Exercise prompt: What the answer must hold is the line containing "Devon & Jones" and all lines after it through the end of the listing, copied exactly, with pictures left out.

Start of Given data

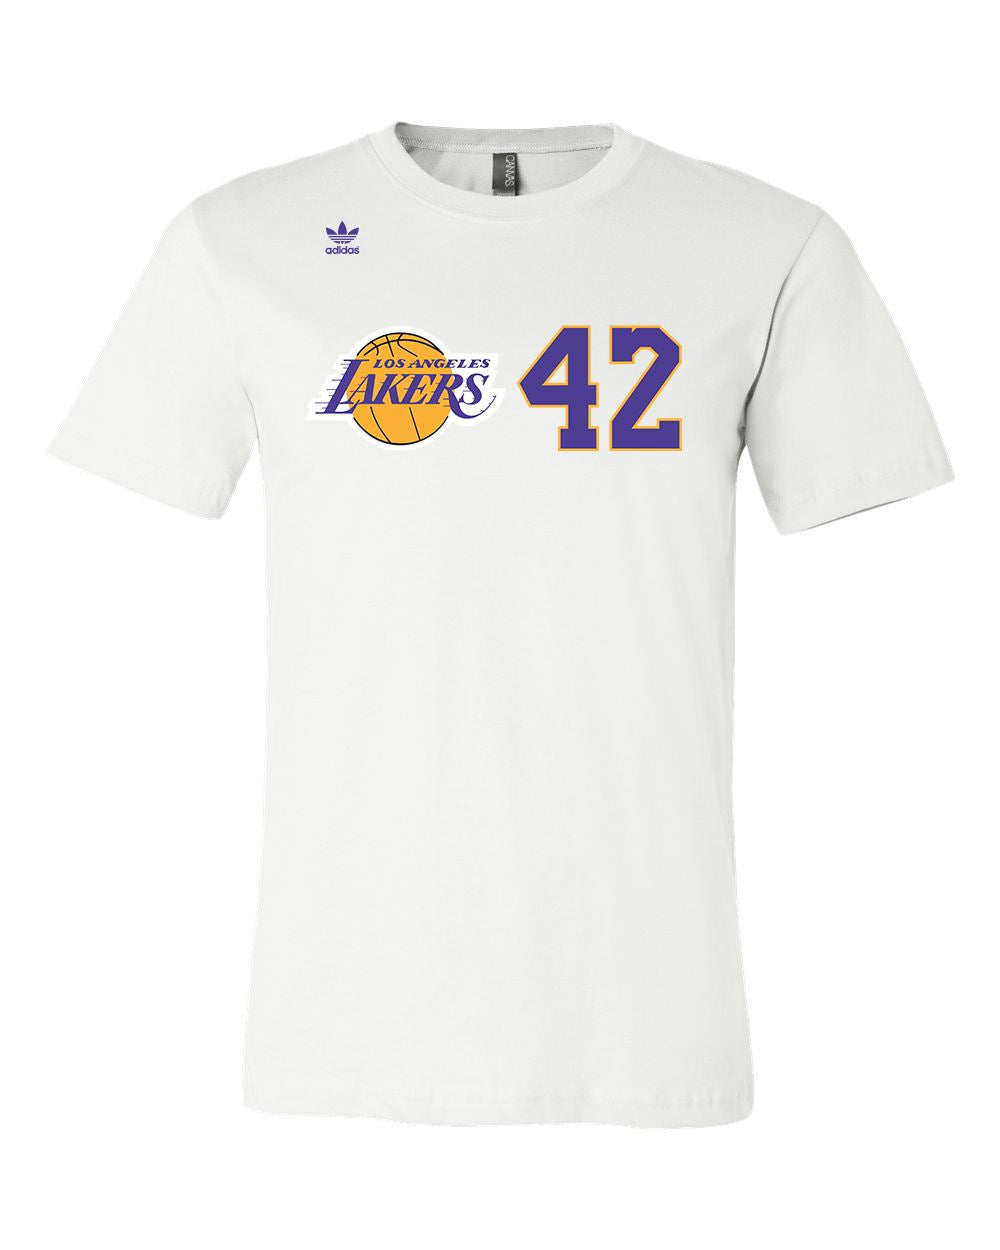 James Worthy Los Angeles Lakers Abstract Art T-Shirt by Joe
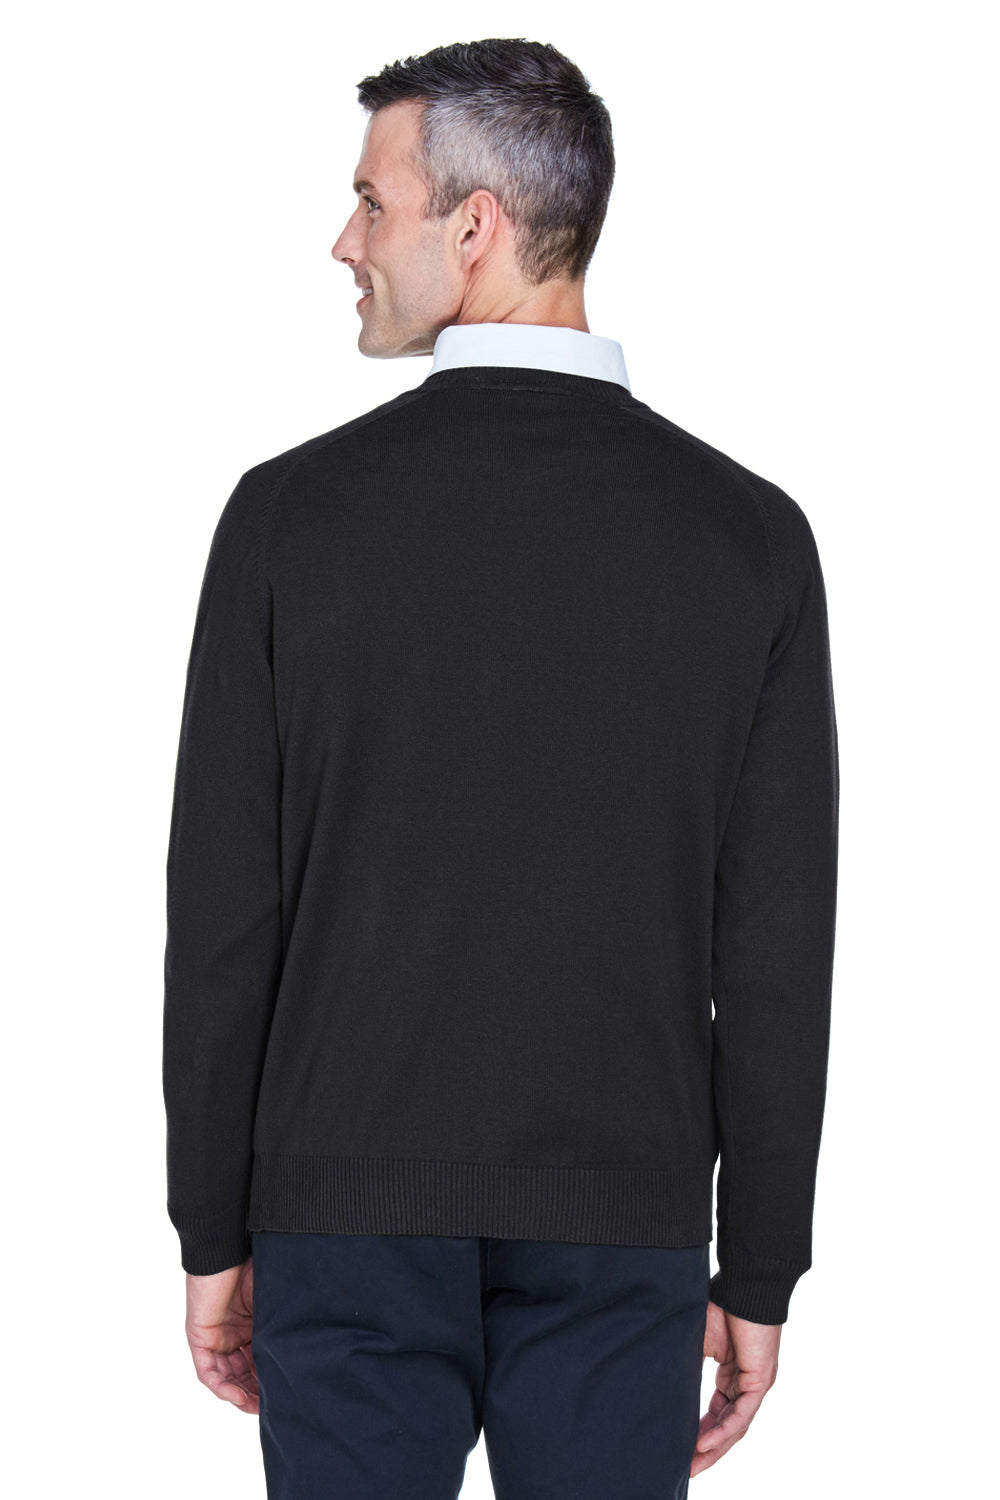 Devon & Jones D475 Mens Wrinkle Resistant V-Neck Sweater Black Back
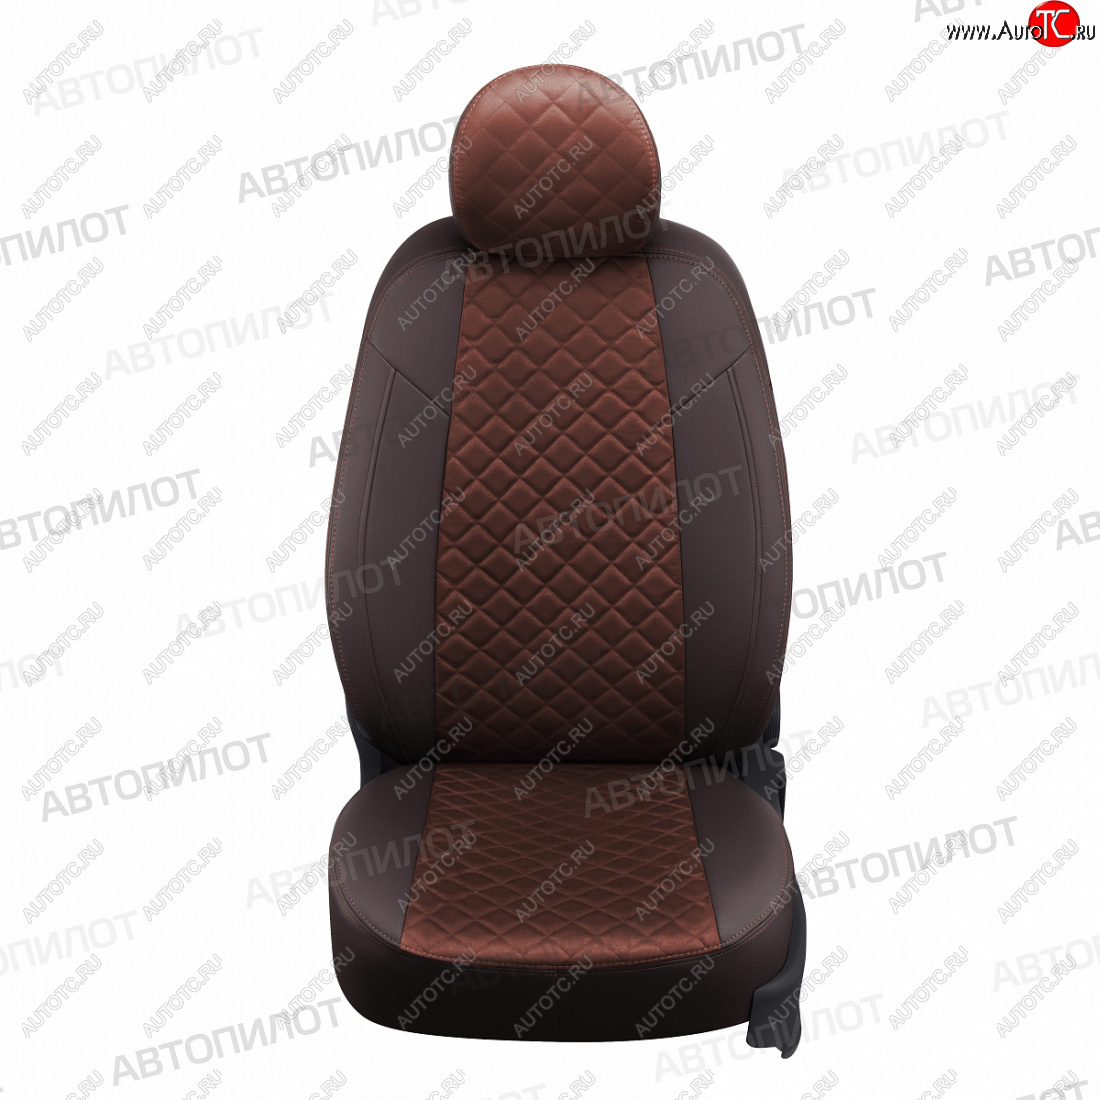 17 549 р. Чехлы сидений (экокожа/алькантара, 7 мест) Автопилот Ромб  Hyundai Trajet (1999-2008) (шоколад)
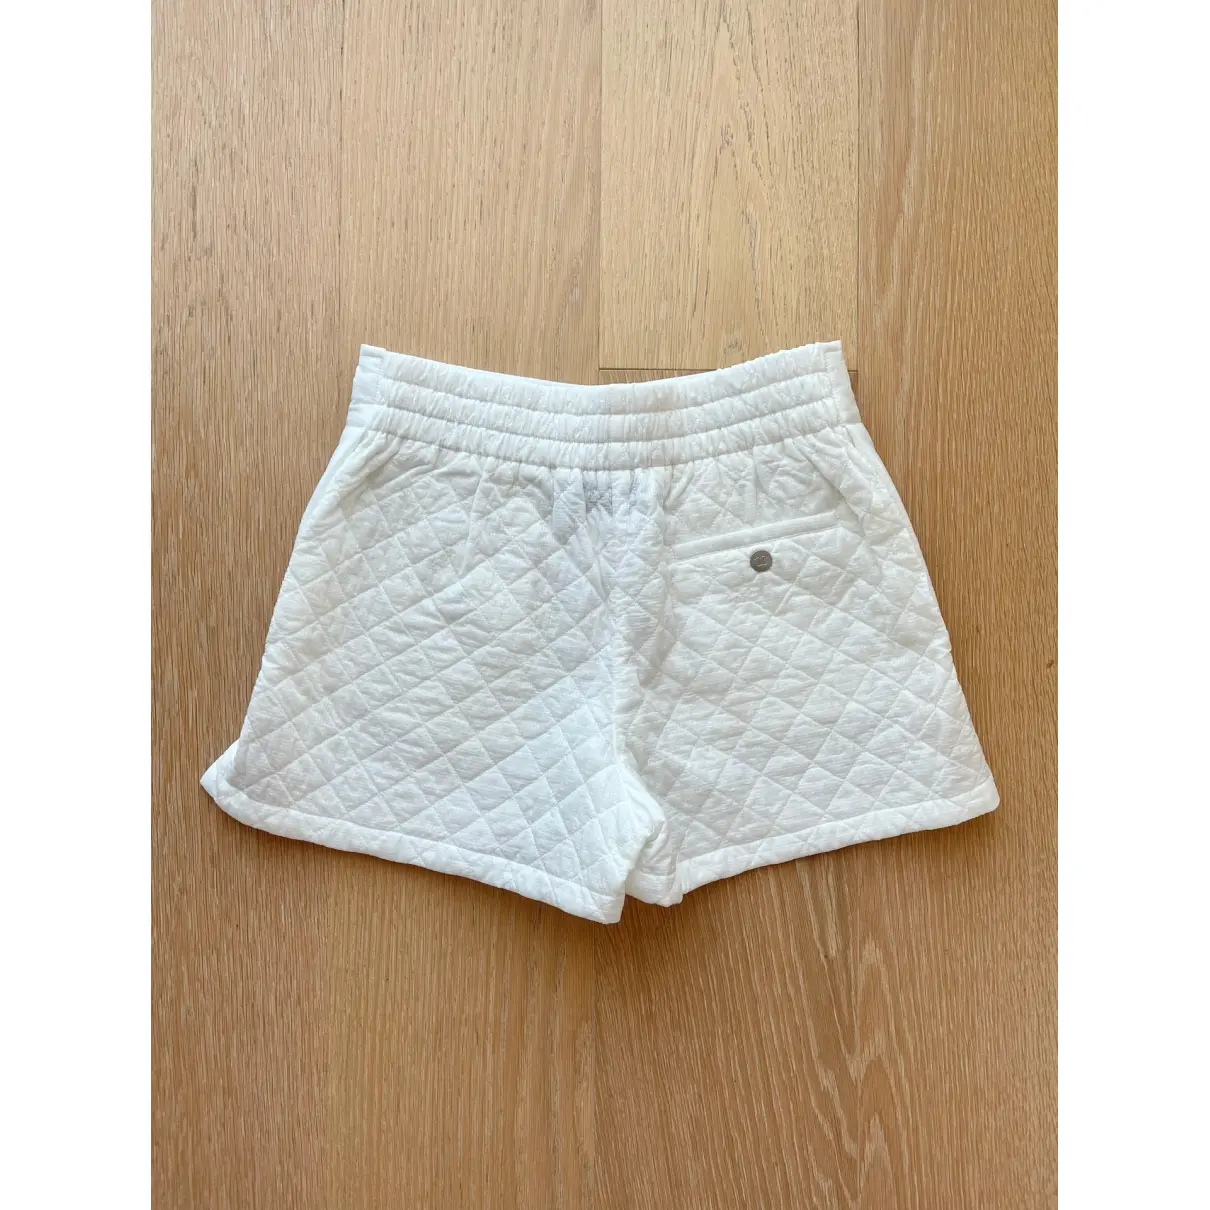 Buy Chanel Shorts online

End of Given data

Finished task:
 Devon & Jones D475 Mens Wrinkle Resistant V-Neck Sweater Black Back
 17 549 р. Чехлы сидений (экокожа/алькантара, 7 мест) Автопилот Ромб  Hyundai Trajet (1999-2008) (шоколад)
 Buy Chanel Shorts online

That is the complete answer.